Na Índia nada é impossível

Quando chegámos a este país sabíamos de antemão que íamos encontrar um país diferente, mas nada como isto. Para aqui tem de se vir preparado, tem de se “ter algum calo” para ver e aceitar variadíssimas situações que vão desde comer de um prato mal lavado e servido com a mão, a atravessar a rua (o que se pode transformar num desafio) ou a ver pessoas esqueléticas a morrer de fome e a pedir esmola. Ler o que se encontra pela internet não é o suficiente para se compreender o nível de vida que eles levam.
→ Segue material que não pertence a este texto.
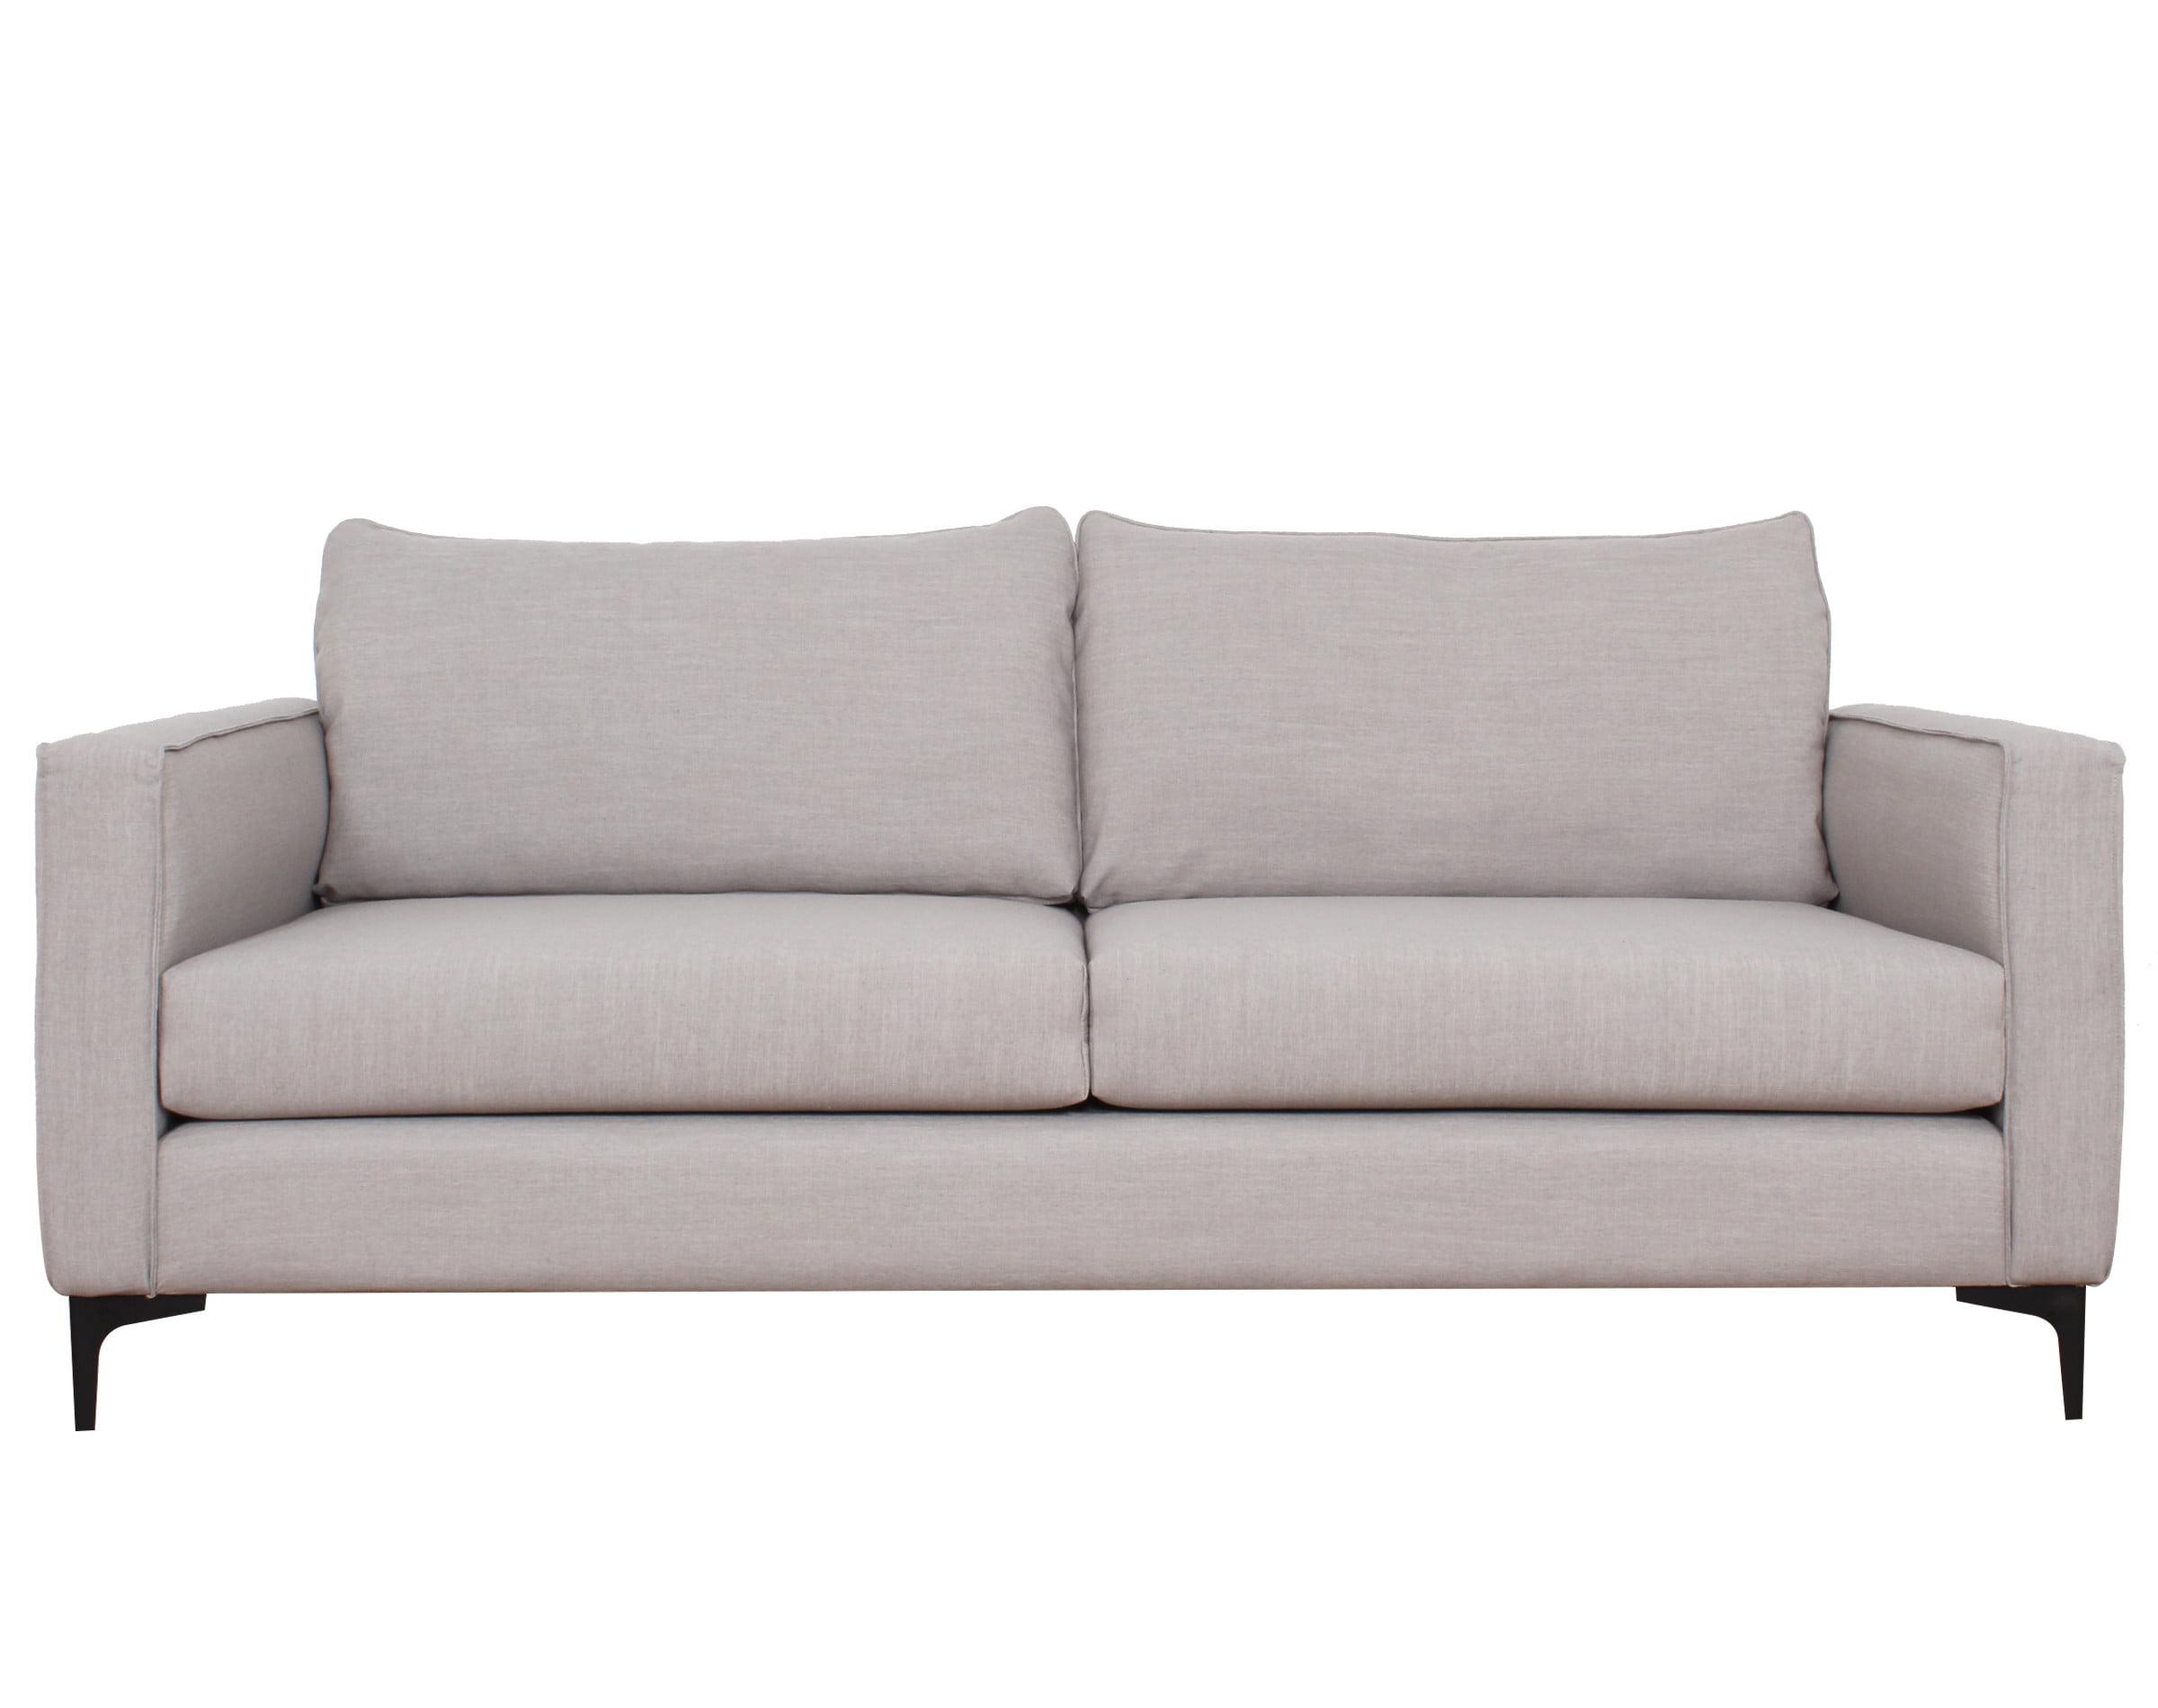 Sofa Personalizado Delta Piedra

Vimos muita coisa nestes dias, e das melhores decisões que tomámos foi optar por passar pouco tempo no centro da cidade, e mais tempo na periferia, conselho dado por um guia turístico privado que nos encontrou na sua “caçada diária de turistas”,  aos quais oferecia uma visita guiada pela cidade, por uns insignificantes 9€/dia, tendo nós visitado então um bairro de pescadores, num local que foi anteriormente uma lixeira, visitámos uma outra praia, uma zona de lazer familiar, e por fim um dos guetos mais pobres da cidade, em que a principal ocupação dos seus residentes, além do pequeno comércio que tentam fazer pela rua, é a reciclagem. Muitas pessoas enviam para lá diariamente toneladas de cartão, latas de alumínio e plástico, que é cortado, compactado e vendido para a China, mas muitos deles nem sequer recebem por isto. Este foi dos “passeios” mais difíceis, mas também dos mais esclarecedores relativamente à vida destas pessoas. A verdade é que nós sabemos que existe muita pobreza e muita miséria por aqui, mas a realidade é que nós, “estrangeiros” encaramos isto de uma forma muito mais drástica do que eles próprios. As pessoas que vivem nesta situação, não sentem tanto esta tristeza porque sentem que este é o seu karma, que nada podem fazer e, por isto,  aprendem a construir e a viver tudo como um modo de vida. E efetivavente, graças ao sistema de castas neste país, quem nasce pobre morre pobre…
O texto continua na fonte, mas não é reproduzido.